In reviewing someone's data processing operation the first thing you ask for is the service level agreement [SLA] because that's the preeminent control used in that type of organization.
Like all DP organizational artifacts the SLA has a long history - going back, in this case, to 1920s job descriptions for data processing management requiring incumbents to guarantee things like the on time delivery of the printed AR reports.
In today's context, however, the SLA is mostly used as a get out of jail free card: as a limitation on service expectations by DP people; as a critical element in getting an easy ride from the auditors by both DP executives and the senior people they report to; and, as barrier keeping DP people in a distant and clearly subordinate role by executive management.
Basically the problem is that an SLA commits DP to meeting specified expectations - and thus both relieves DP of any need to exceed those expectations and acts as a barrier separating those on each side of the agreement. As a result its existence in an organization testifies to that organization's ability to resist change by passing costs on its customers - meaning that its existence is characteristic of government and monopoly, or near monopoly, organizations; including industry level IT monopolies in which the employers compete but all use the same, essentially interchangeable, IT people, tools, and methods.
When confronted with an organization that relies actively on SLA enforcement through some kind of DP management committee but is now facing genuine cost pressure - say an American state or municipal agency facing sharply falling tax revenues- there aren't a lot of good choices.
One is to take advantage of the nature of the SLA process itself to recommend and strongly support out-sourcing all IT work. You do this nominally because outsourcers always promise quick savings and because use of the existing SLA as the basis for the contract means that no significant organizational change will be needed - but really because out-sourcing under cost pressure is a bad idea whose eventual reversal should - assuming cost pressures continue - lead to the kind of IT change the organization needs but is not yet ready to undertake.

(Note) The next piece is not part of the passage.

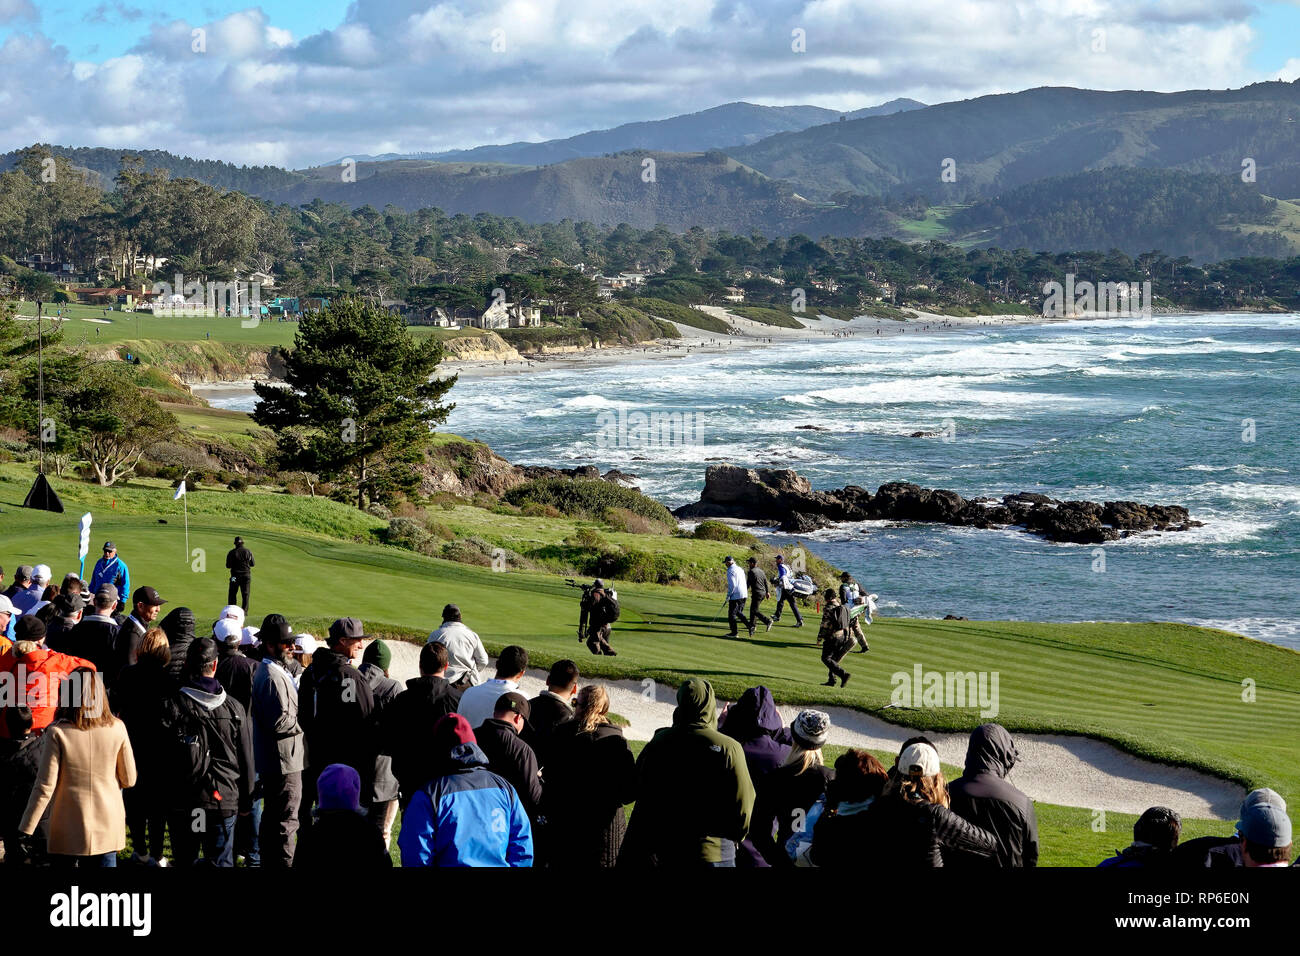 11th February, 2019  Pebble Beach Golf Links, CA, USA  The 8th hole at Pebble Beach Golf Course with a view to Carmel Beach during the AT&T Pebble Bea Stock Photo

The more dangerous alternative is to go after real change now - but that's extremely hard to do largely because you've got to pull off two miracles at once: change senior management perceptions, and change the way IT is run.
At the senior management level you'll be dealing with people who mostly don't want to hear it: and getting them to first internalize the reality that IT provides the organization's "nervous system" and isn't an arms length expense center at all, and then accept that DP's relatively poor performance, organizational isolation, and freedom to escalate project costs have historically been due to the SLA centric management processes in place, is usually more of a challenge than most of us can handle.

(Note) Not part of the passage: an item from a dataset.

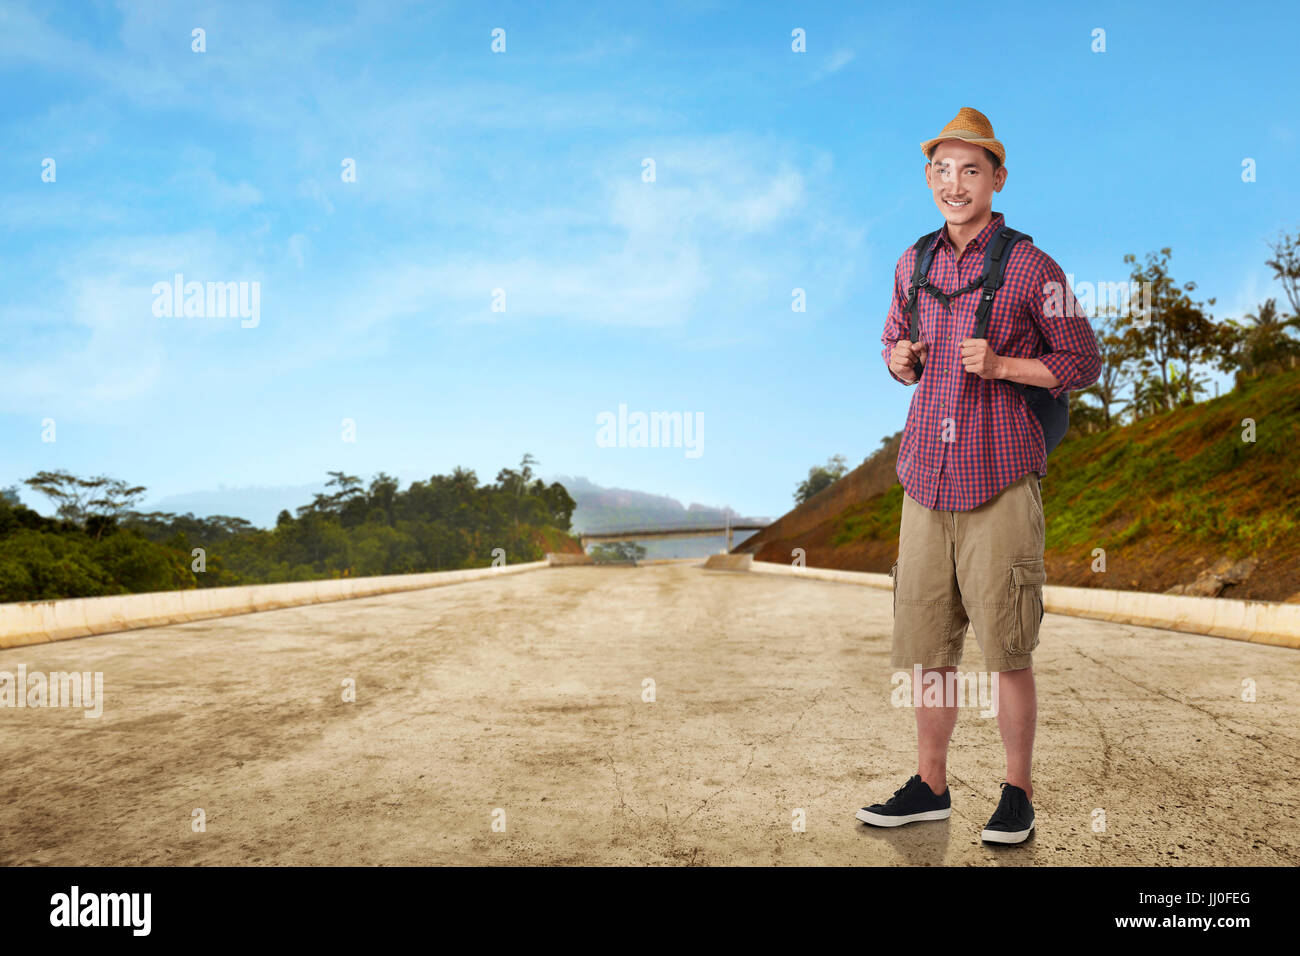 Young asian man traveling with hat and bag against landscape background Stock Photo

At the IT management level you'll be replacing bodies because what you need is an outward, service oriented, focus to replace the inward, utilization oriented, focus in place - and you're just not going to get it with people promoted under the existing system.
And the complication? it's been my experience that senior executive commitment to change seldom lasts long - so once you get them on side, you typically have between four and six months to get your IT changes set in stone because otherwise the little picture players in the organization will gut your efforts and leave the organization worse off than it was before.